* **EXERCISE AIM**
Transcribe the data verbatim and drop its images.

* **PROVIDED MATERIAL**
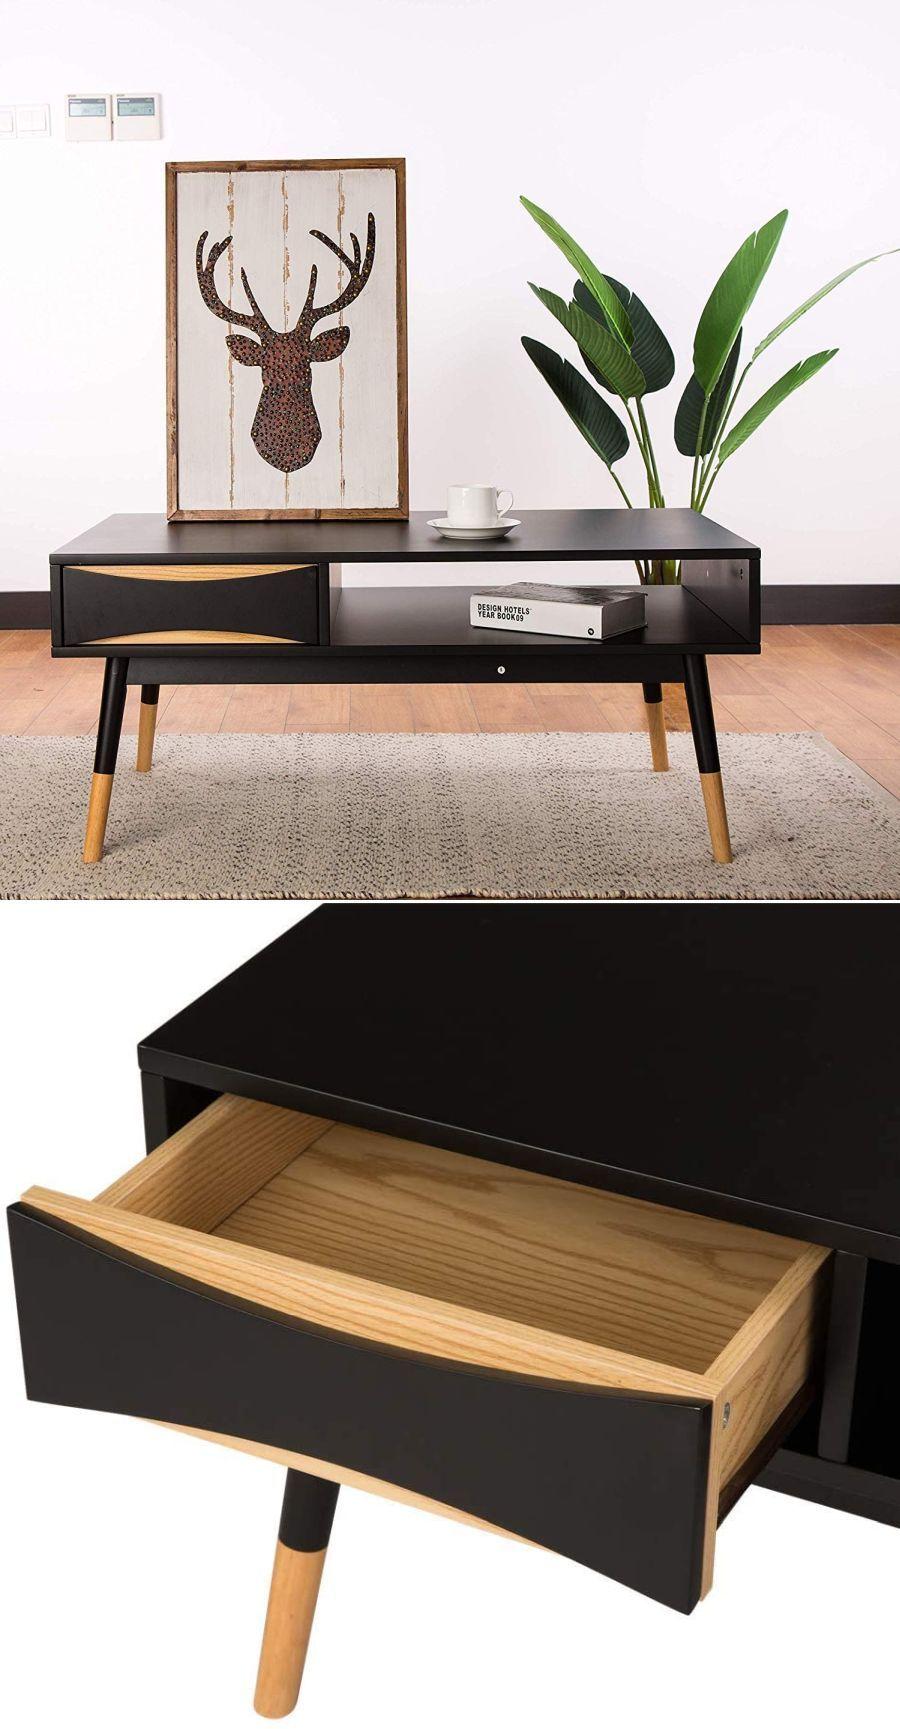 Modern Oslo Black Coffee Table In 2020 Coffee Table Cool Coffee Tables Coffee Table With Storage [ 1729 x 900 Pixel ]
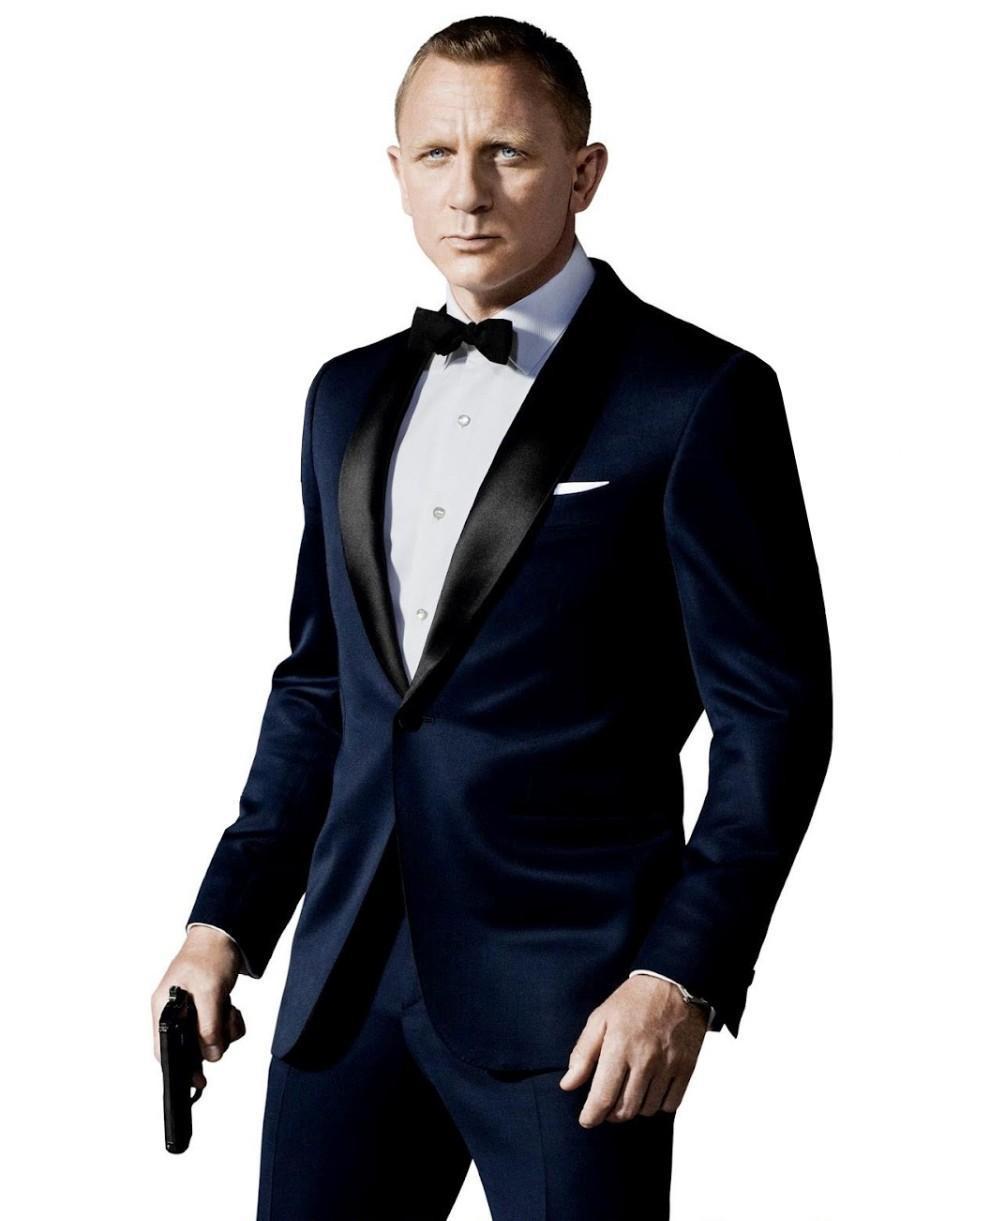 2015 Cheapest Wedding Tuxedo James Bond Wedding Suits for men ...
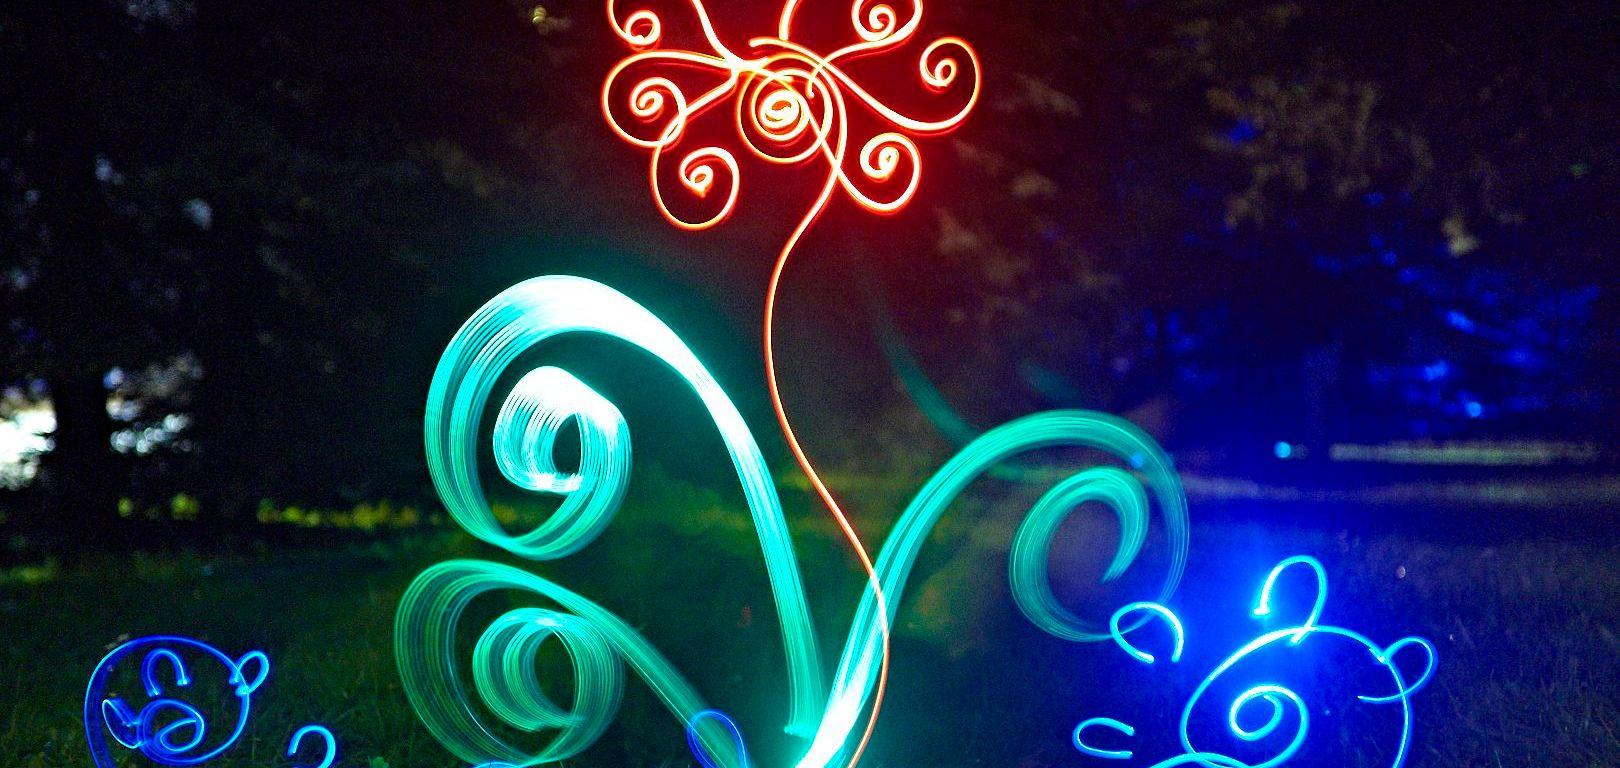 Lightpainting animation dream
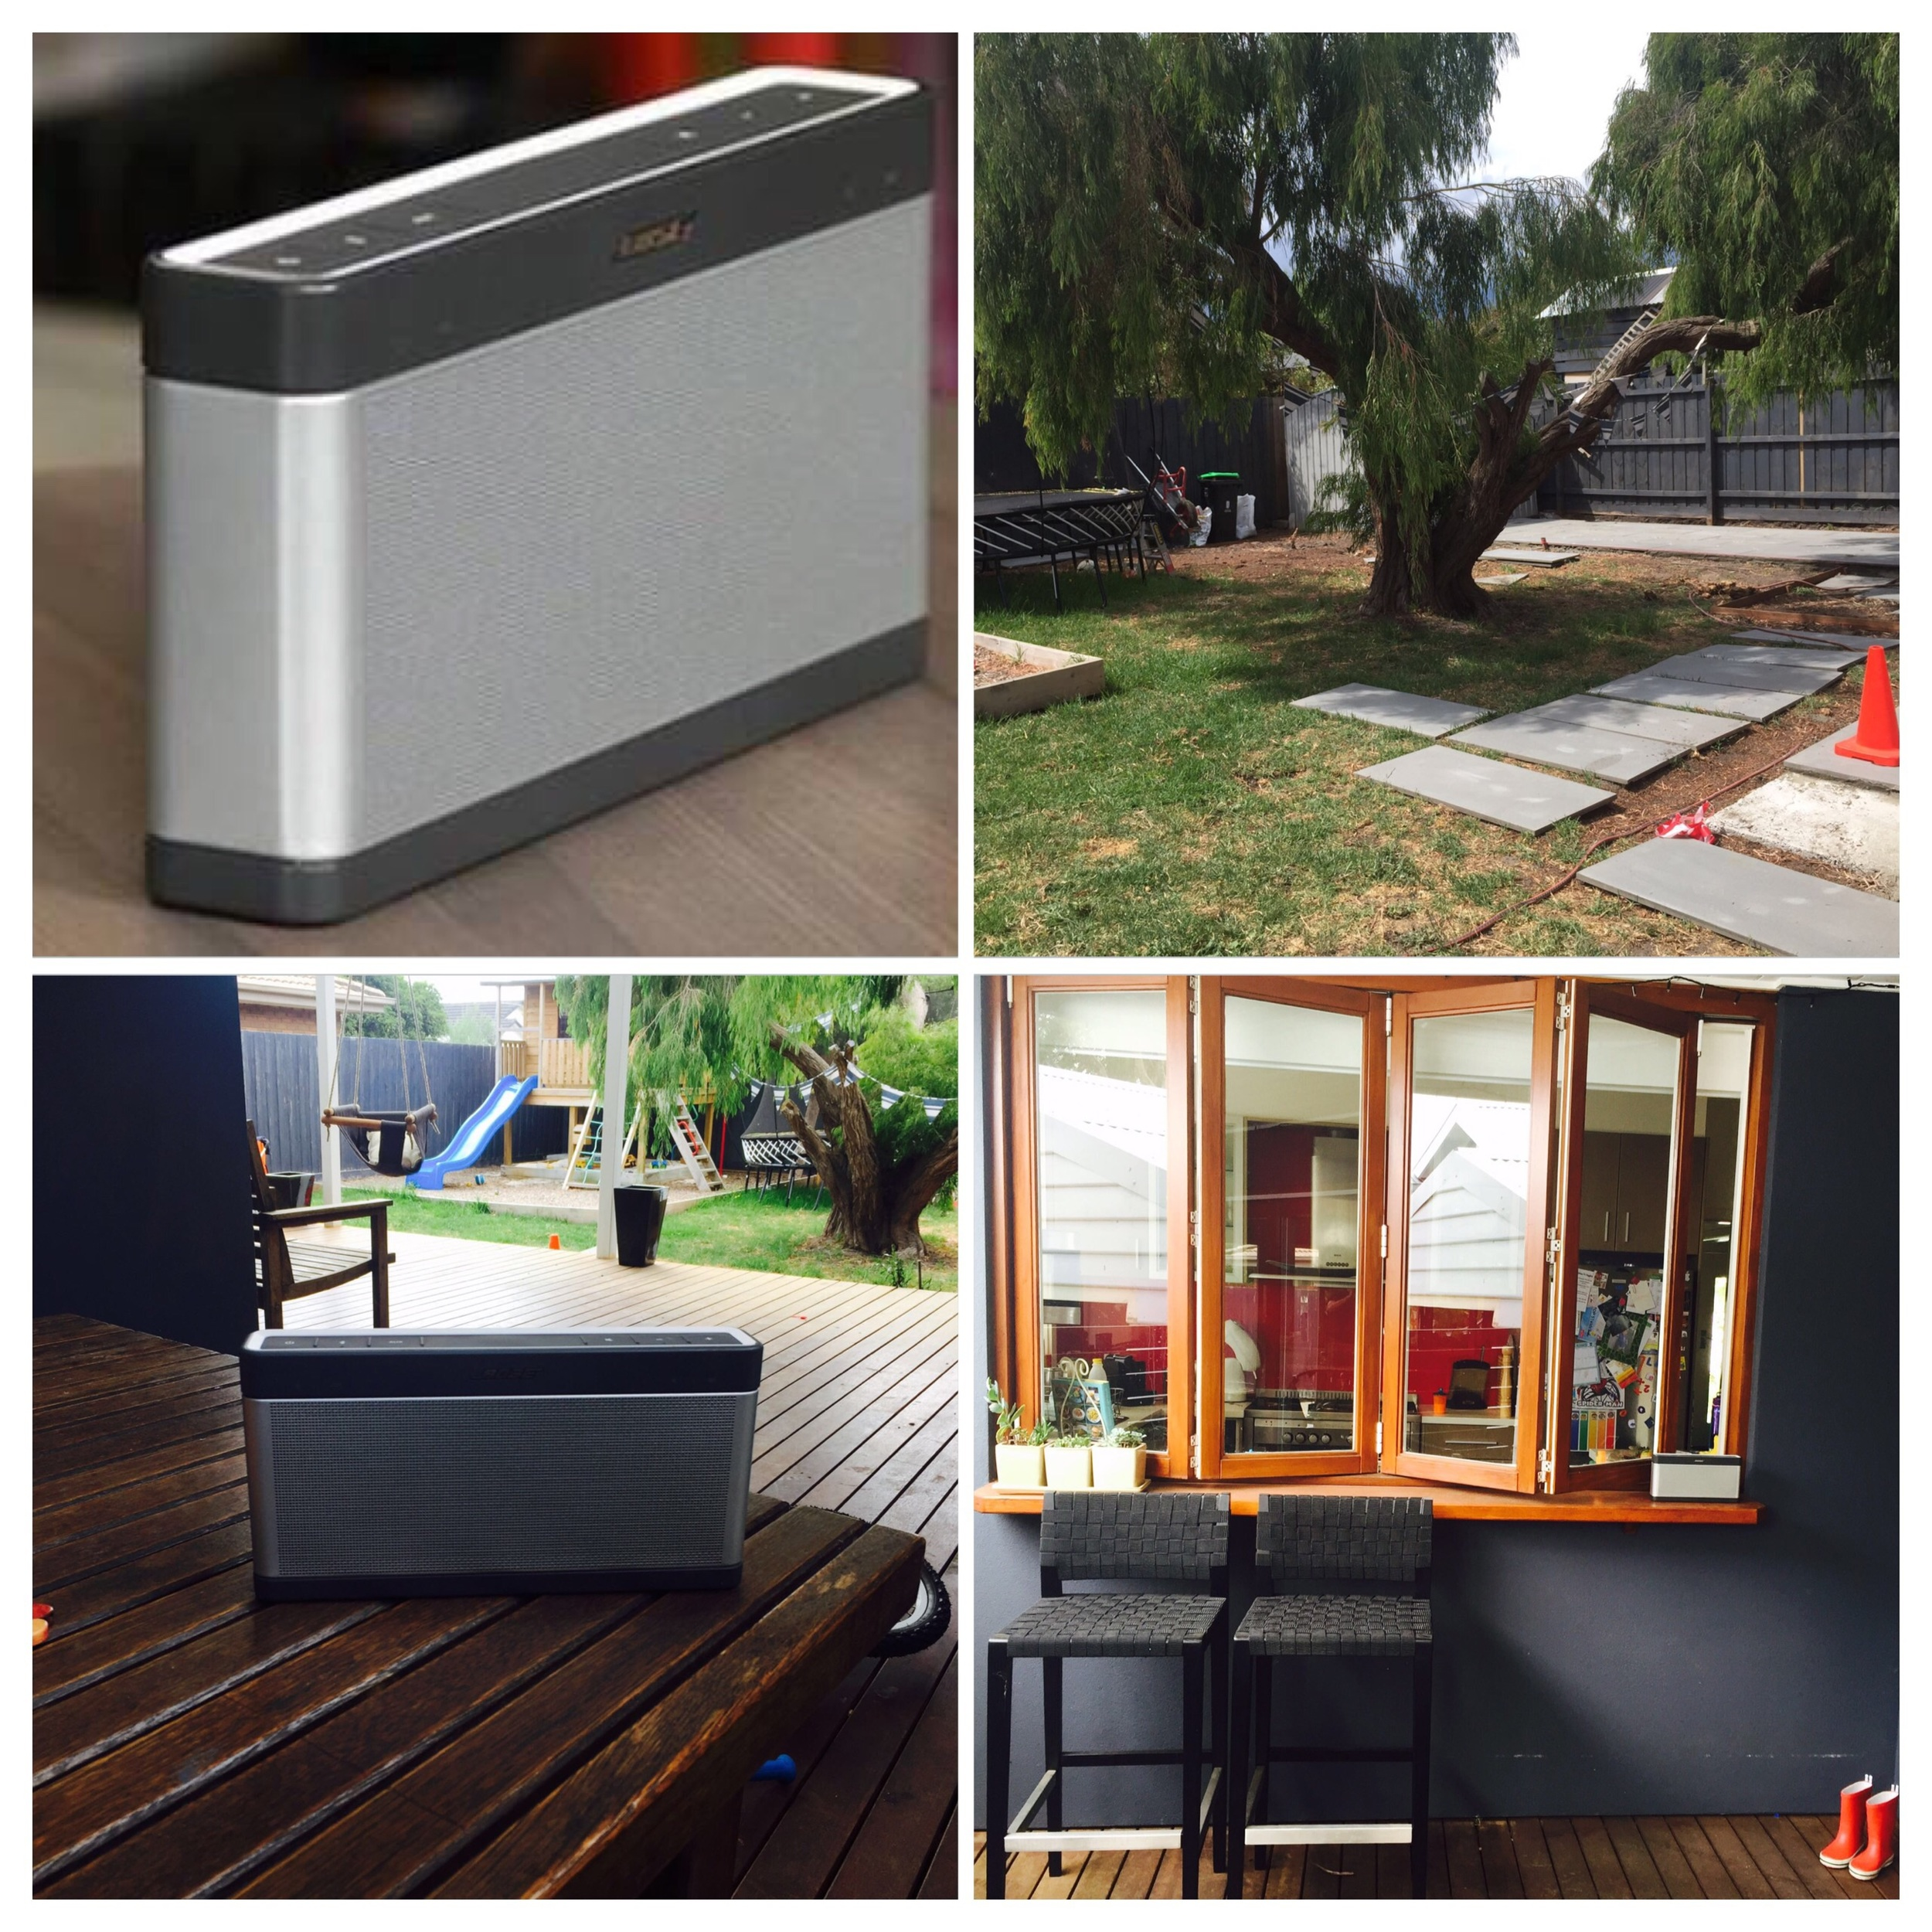 Outdoor Bluetooth Speaker Solution - Bose Soundlink Bluetooth III

* **RESPONSE**
 Modern Oslo Black Coffee Table In 2020 Coffee Table Cool Coffee Tables Coffee Table With Storage [ 1729 x 900 Pixel ]
 2015 Cheapest Wedding Tuxedo James Bond Wedding Suits for men ...
 Lightpainting animation dream
 Outdoor Bluetooth Speaker Solution - Bose Soundlink Bluetooth III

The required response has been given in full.